RECORDED DATA:
------------------------------------------------

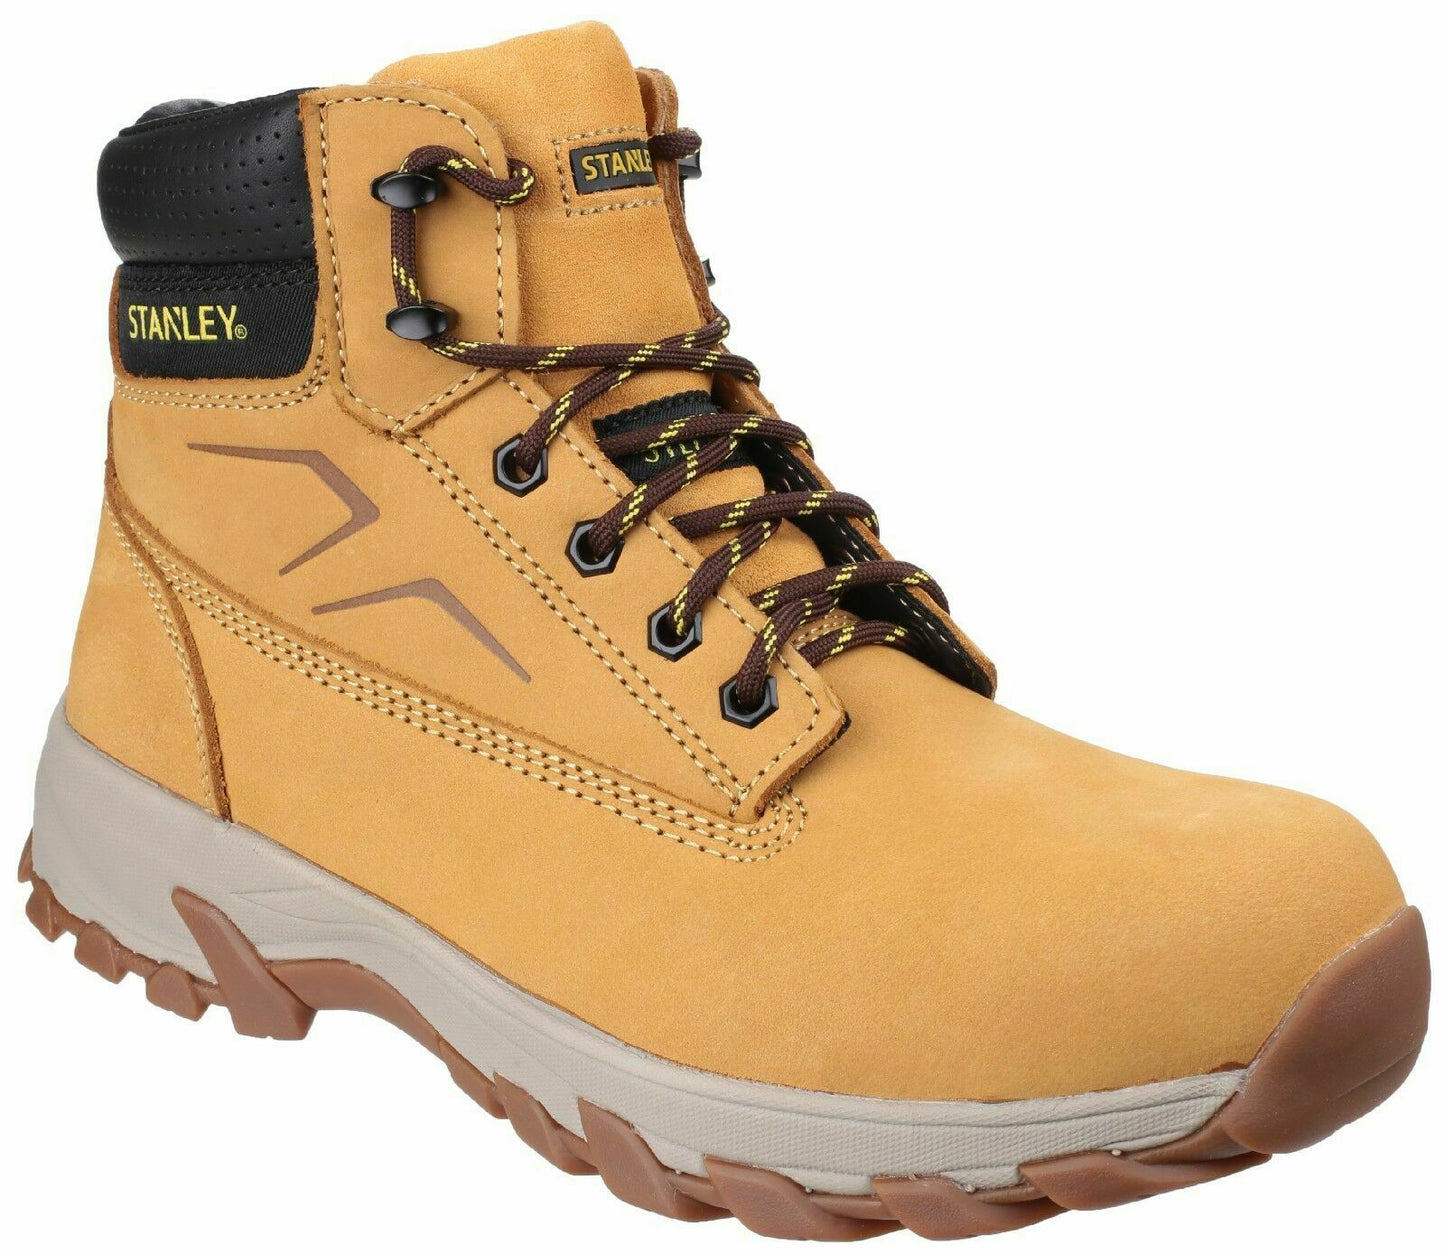 Stanley Tradesman Brown & Honey Leather Safety Work Hiking Boot Steel Toe SB-P
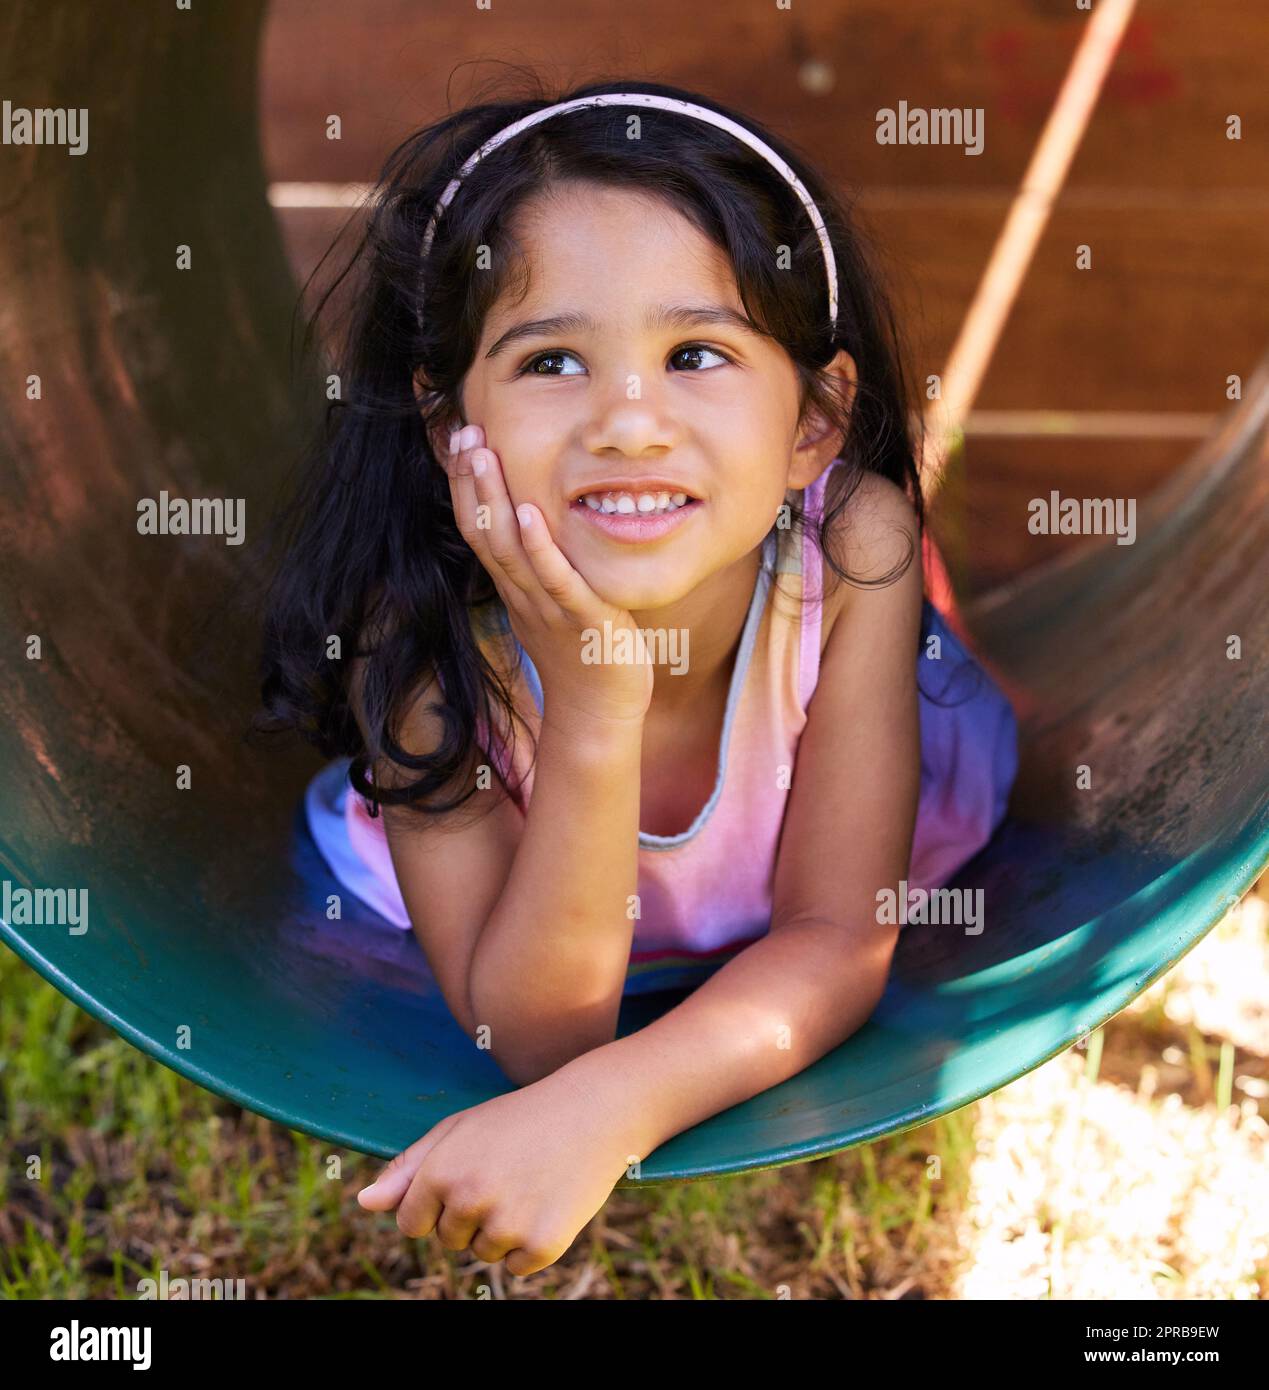 Whats on you mind little one. an adorable little girl spending time outside. Stock Photo
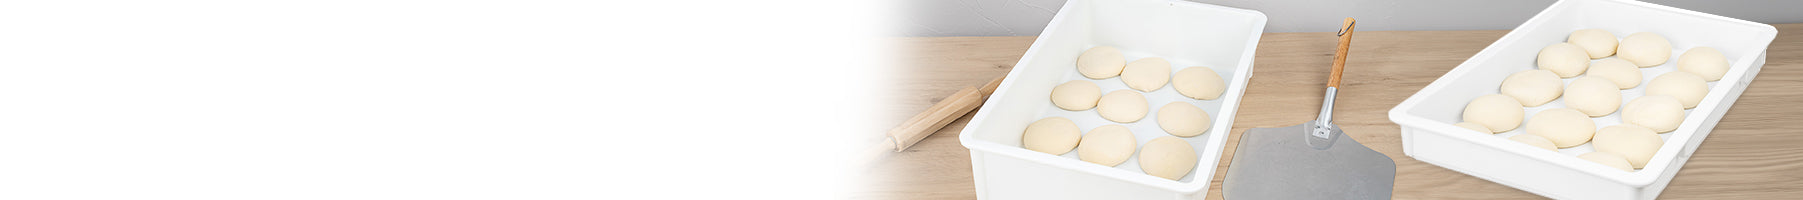 Banner_Smallwares_Pizza-Tools_Pizza-Dough-Proofing-Boxes_414
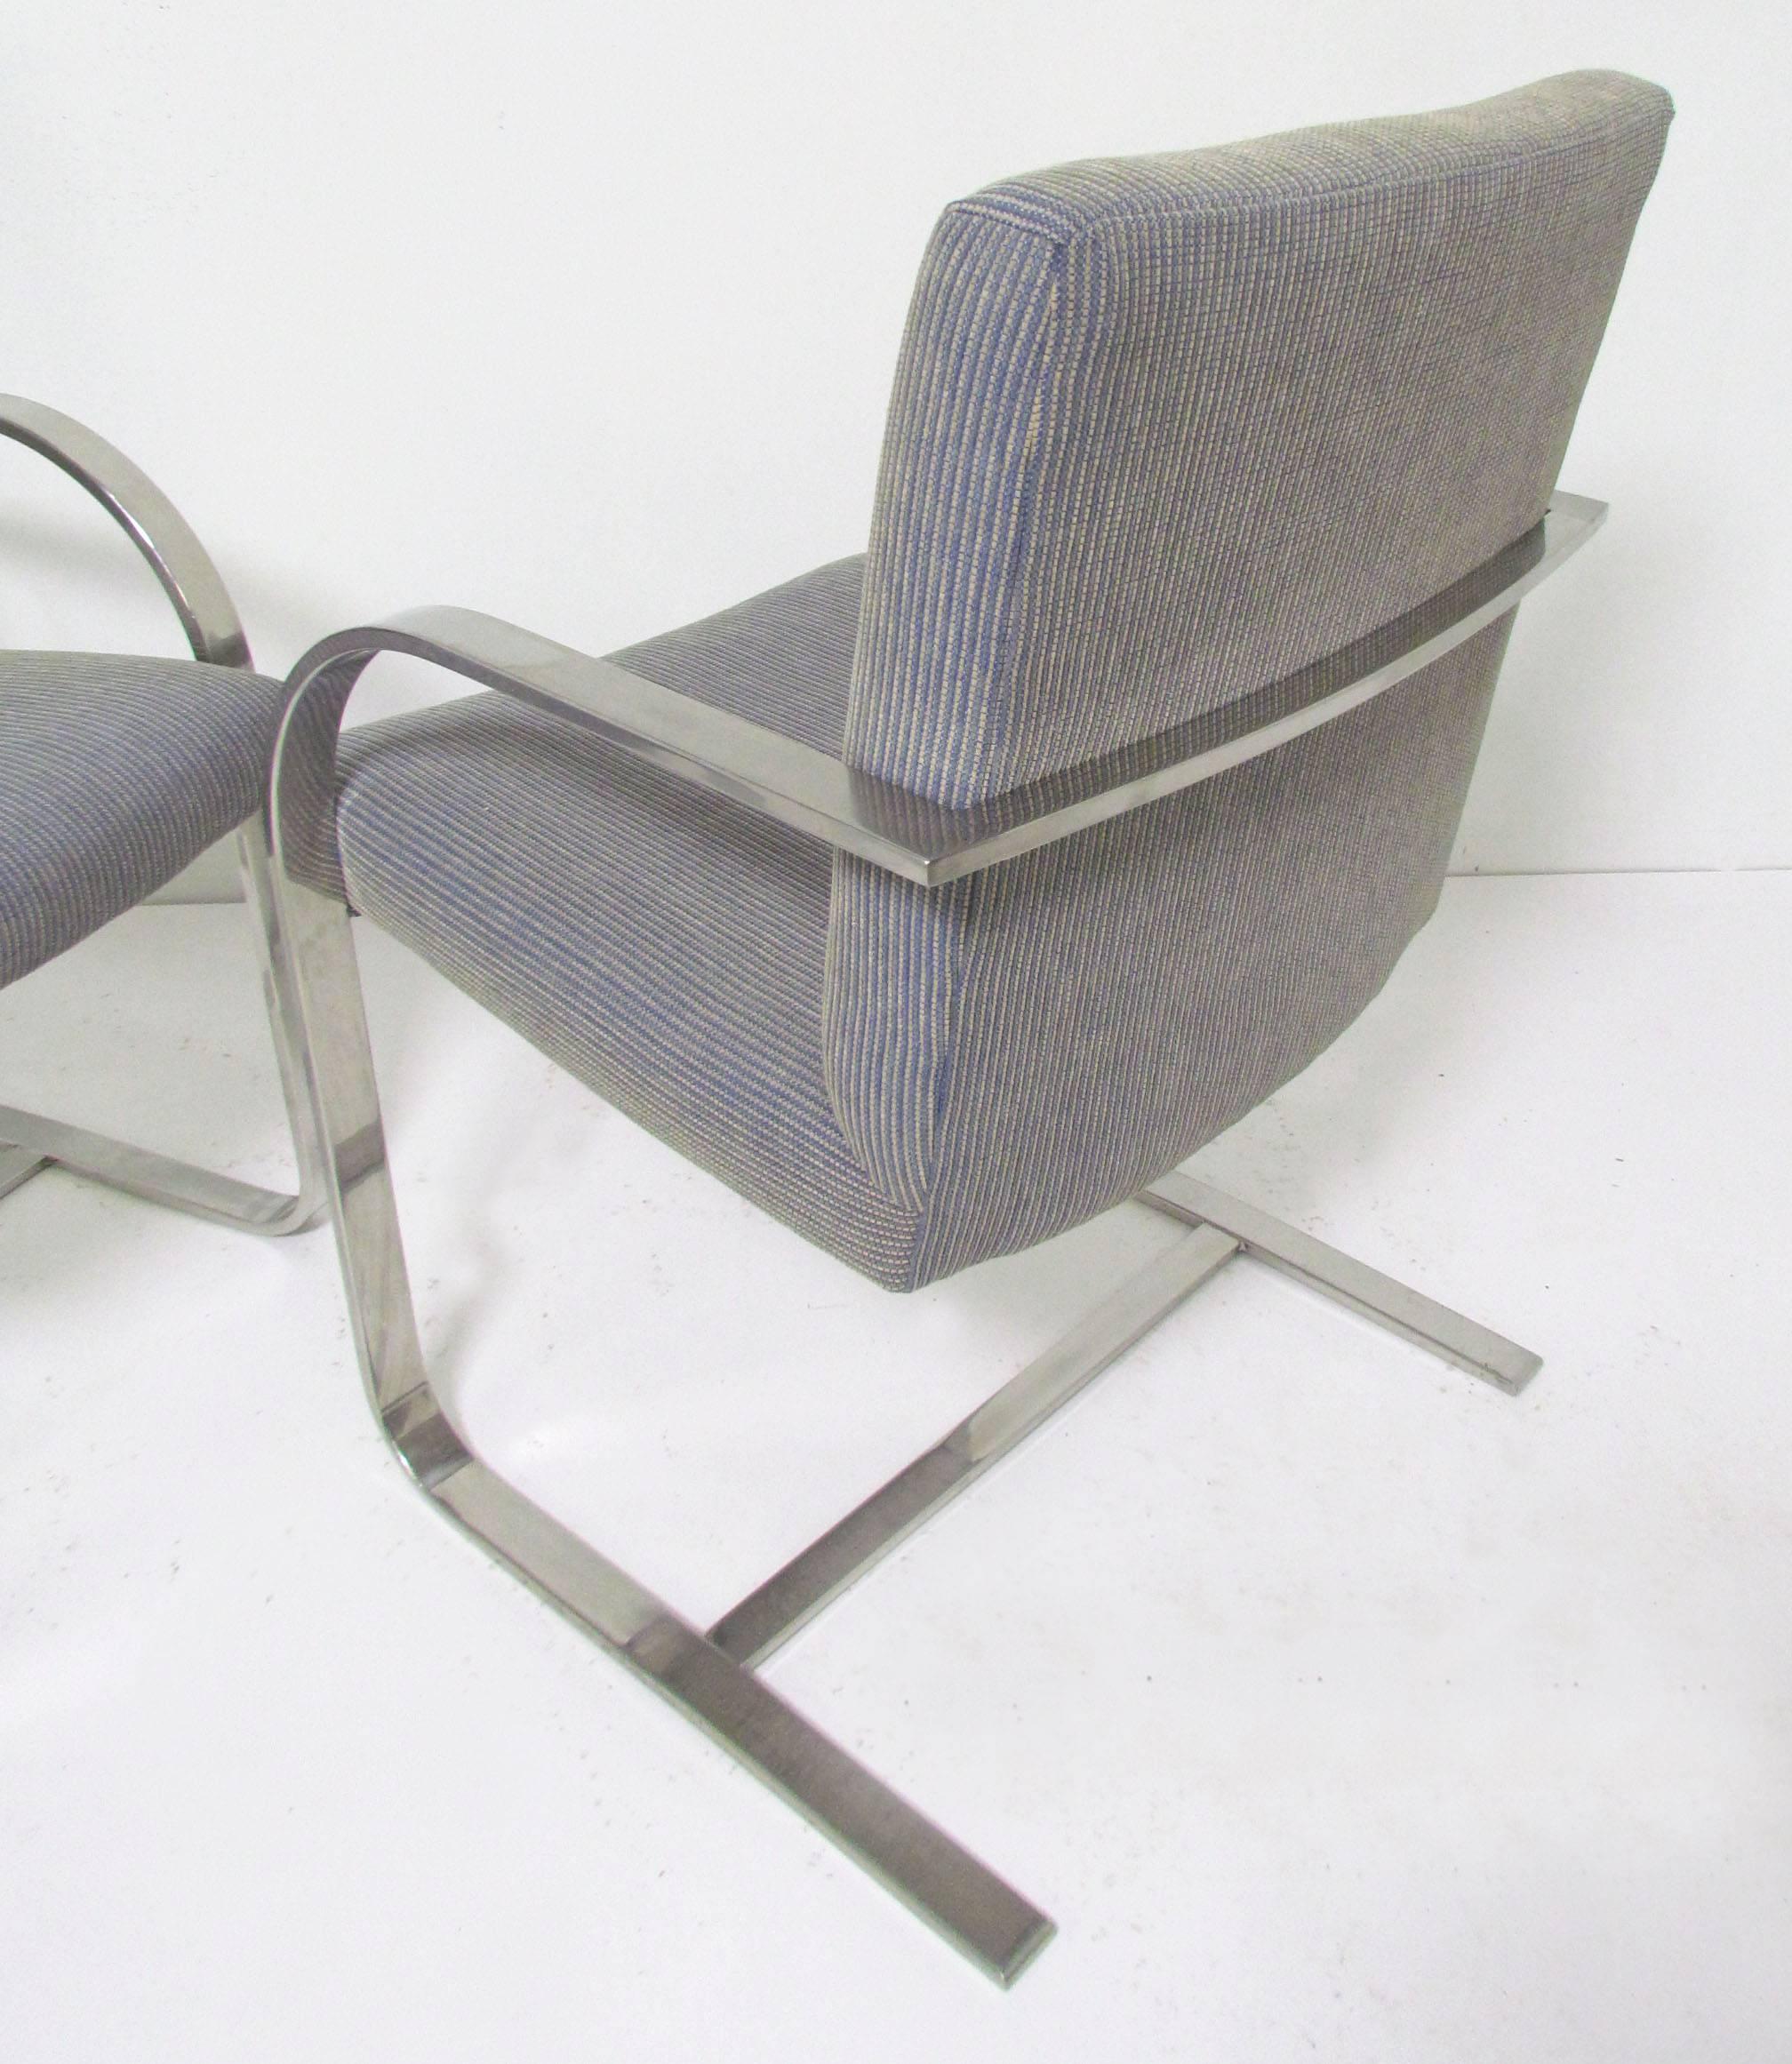 American Set of Four Flat Bar Chrome Brno Chairs, Style of Mies Van Der Rohe

------------------------------------------------

TASK DIRECTIONS: Only the pictures are to be dropped; the rest of the material above must be duplicated exactly.

EXERCISE ANSWER:
 Stanley Tradesman Brown & Honey Leather Safety Work Hiking Boot Steel Toe SB-P
 Whats on you mind little one. an adorable little girl spending time outside. Stock Photo
 Banner_Smallwares_Pizza-Tools_Pizza-Dough-Proofing-Boxes_414
 American Set of Four Flat Bar Chrome Brno Chairs, Style of Mies Van Der Rohe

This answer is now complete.